Exercise brief
The line with "Cara Cek Keyboard Laptop Bekas Windows 7" and each line following it, up to the final line of the data, should be set down exactly; pictures stay out.

The data Start Marker

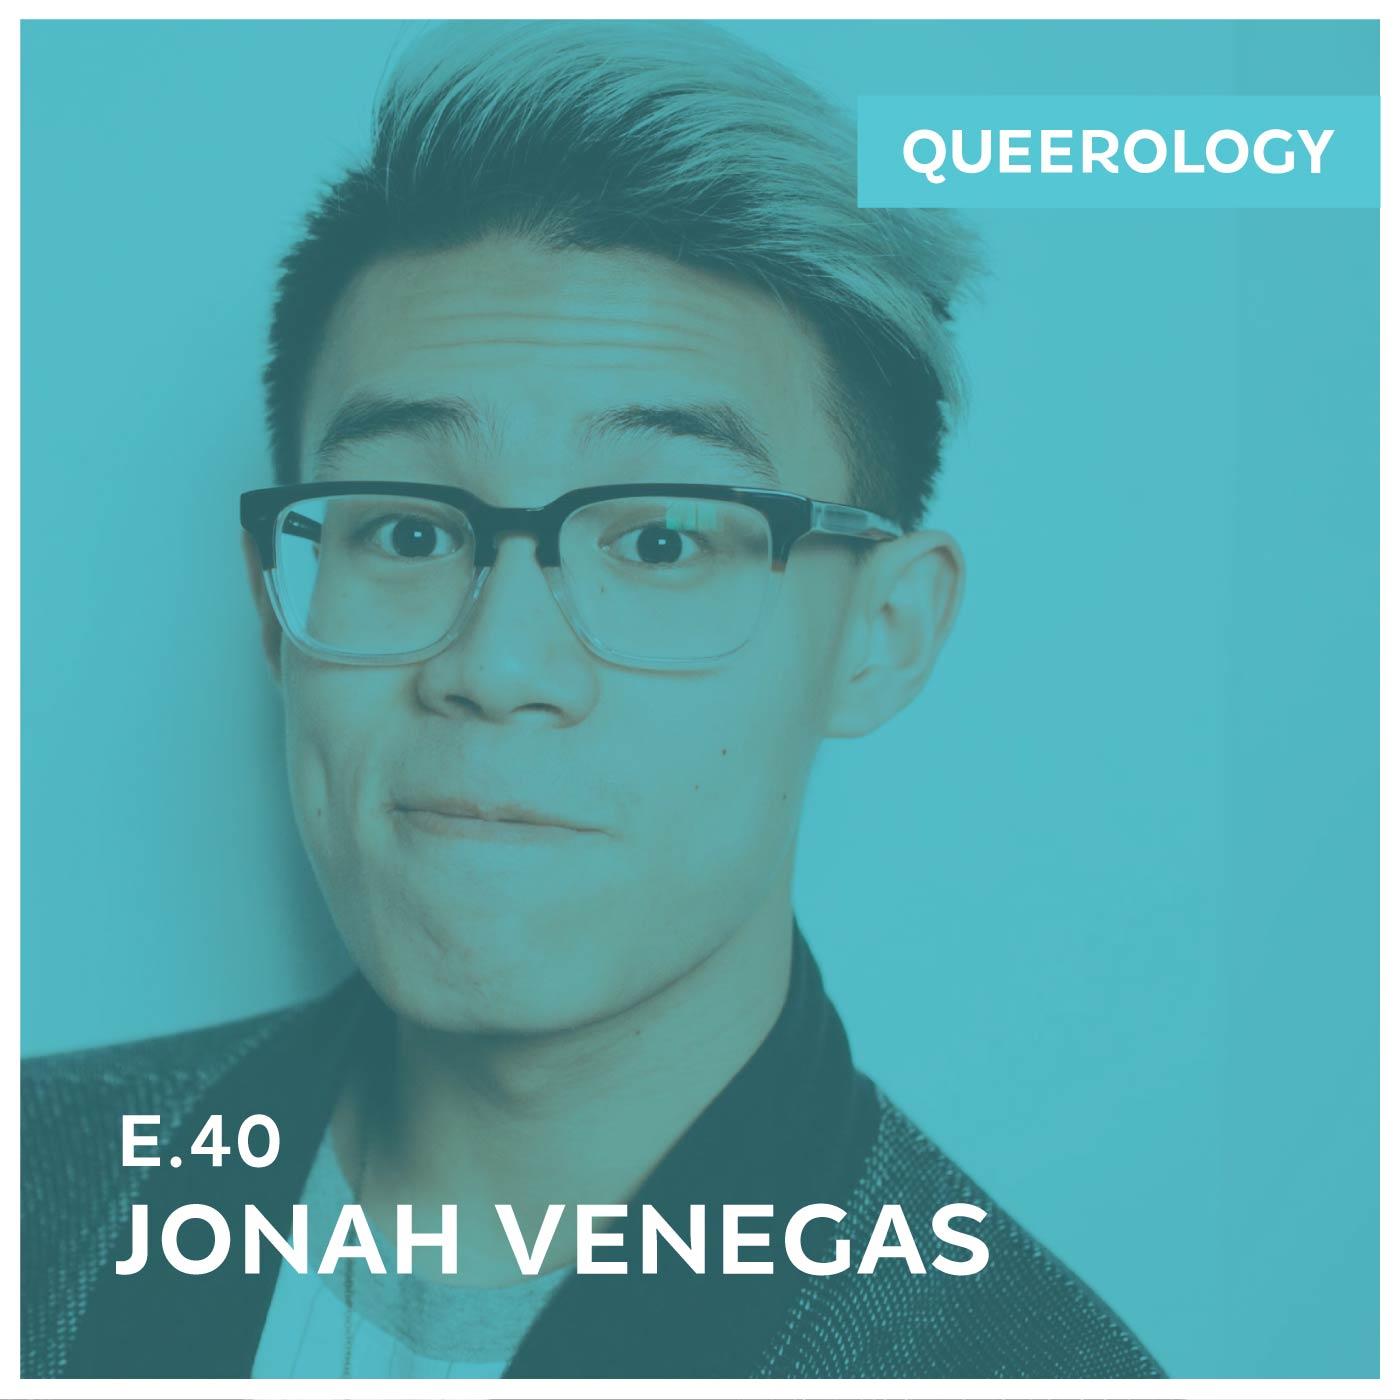 Jonah Venegas Dyed His Hair - Episode 40
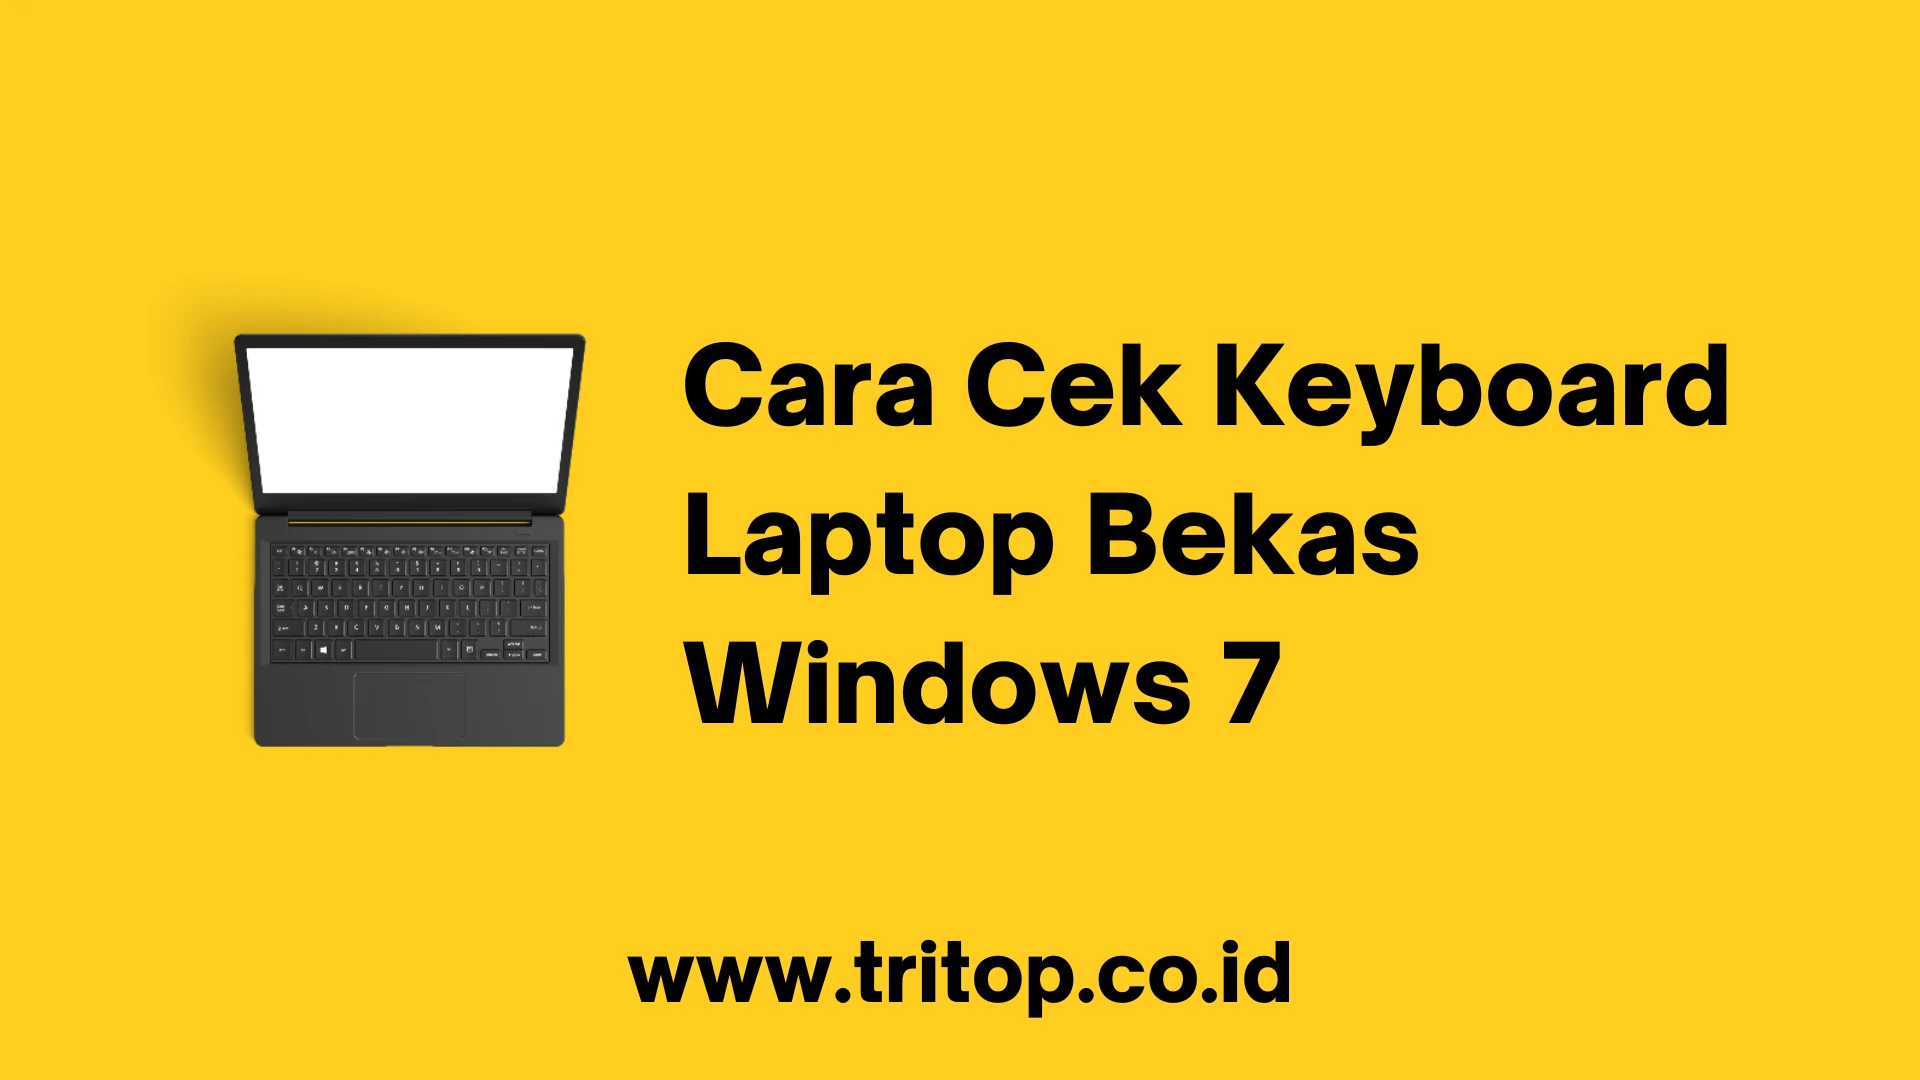 Cara Cek Keyboard Laptop Bekas Windows 7
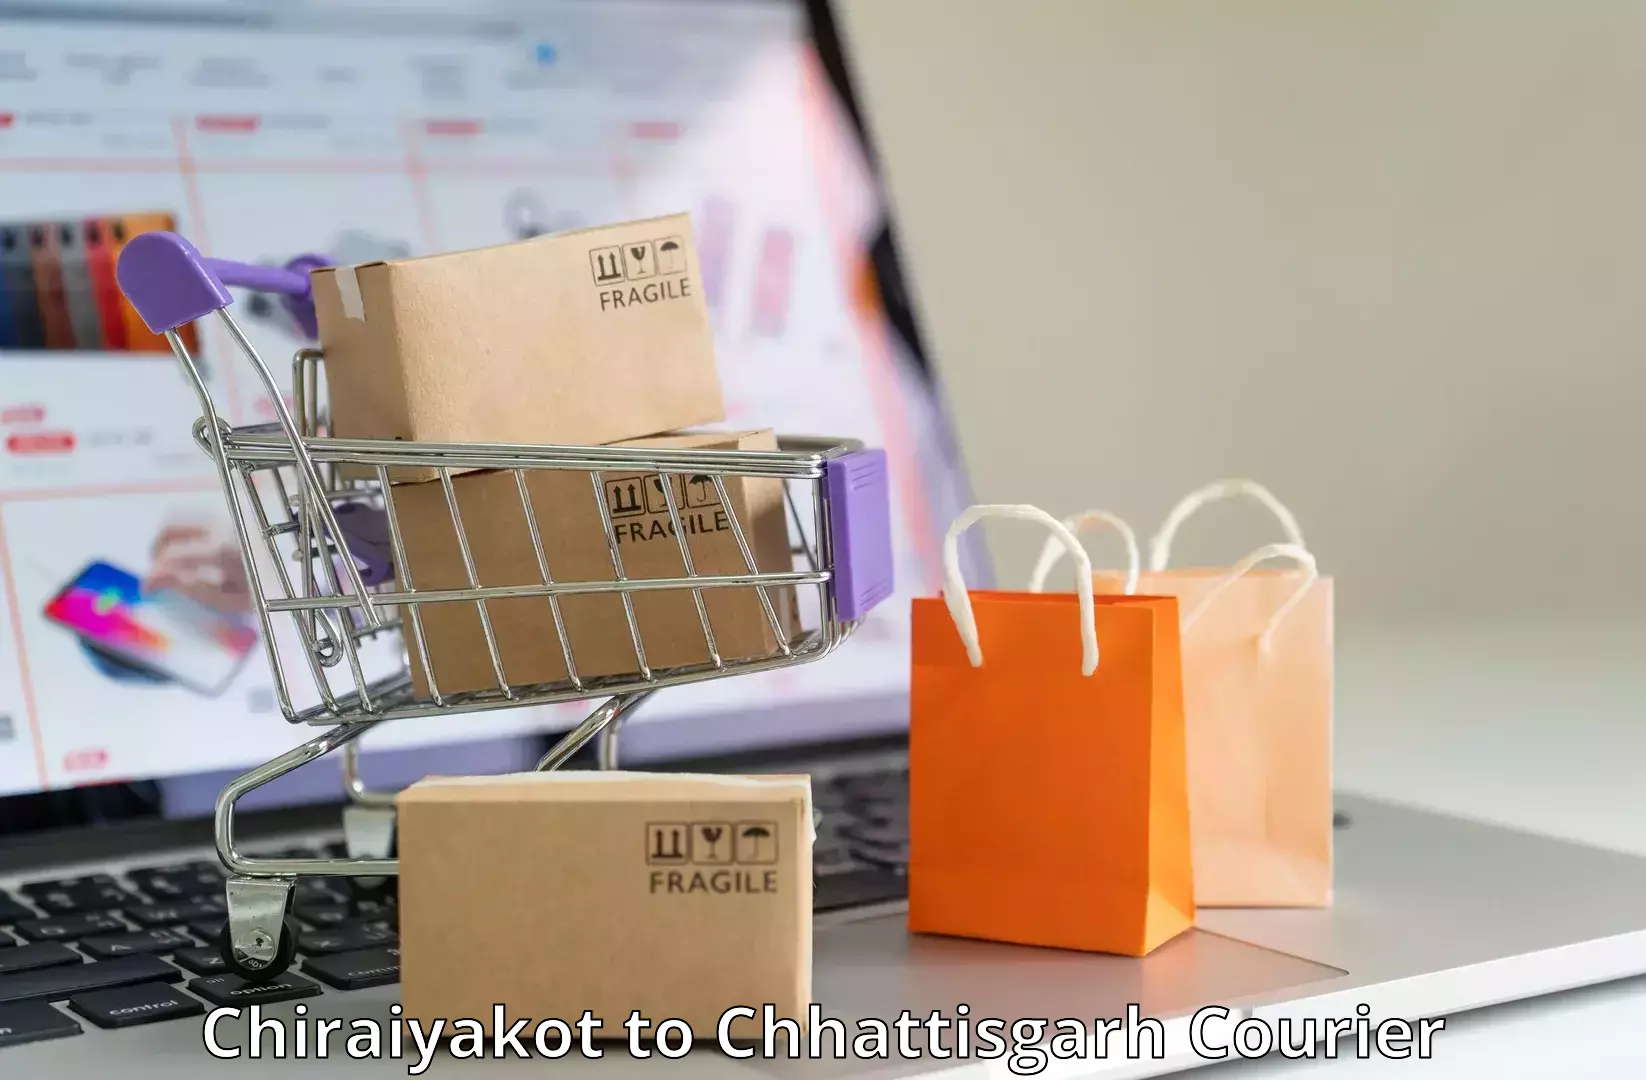 Supply chain delivery Chiraiyakot to Chhattisgarh
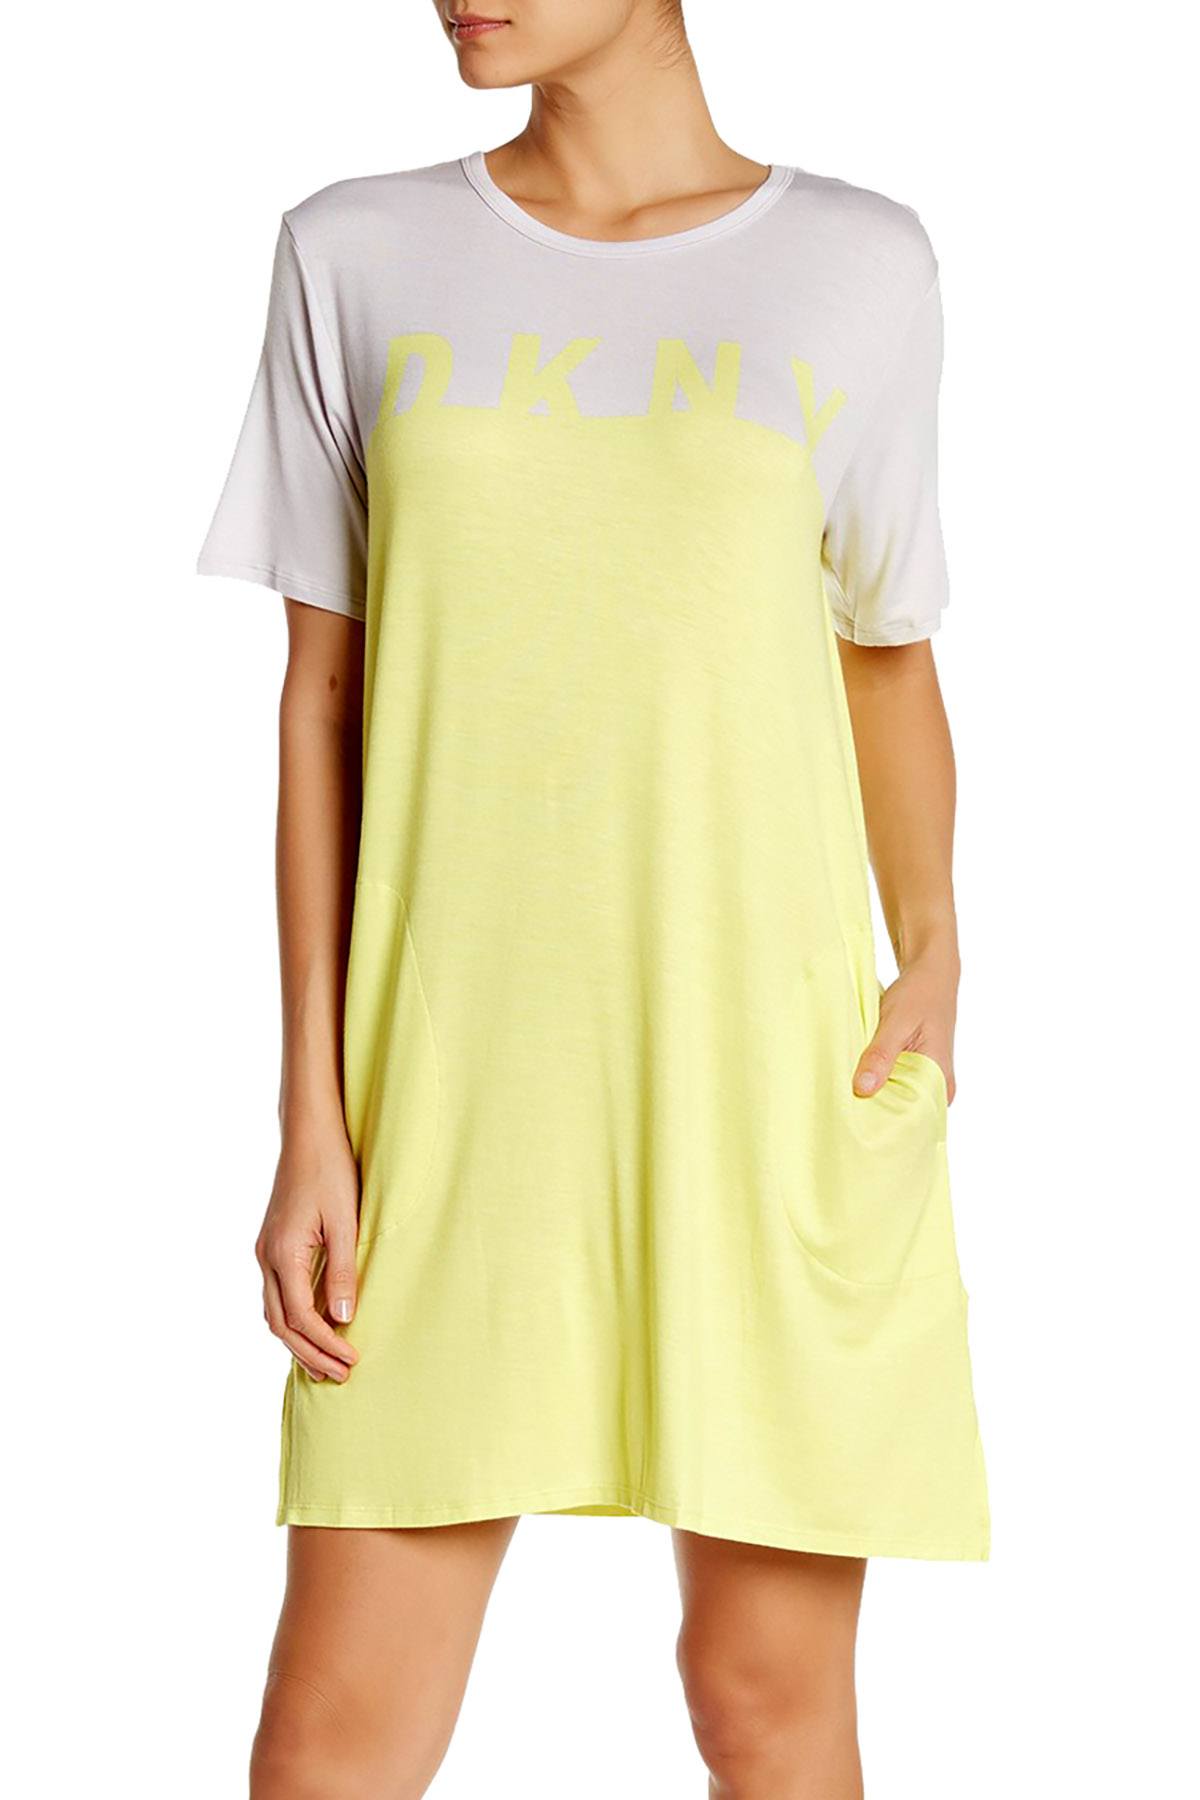 DKNY Yellow/Grey Short Sleeve Logo Colorblock Knit Sleepshirt

The data End Marker

Output of the task
 Cara Cek Keyboard Laptop Bekas Windows 7
 Supply chain delivery Chiraiyakot to Chhattisgarh
 DKNY Yellow/Grey Short Sleeve Logo Colorblock Knit Sleepshirt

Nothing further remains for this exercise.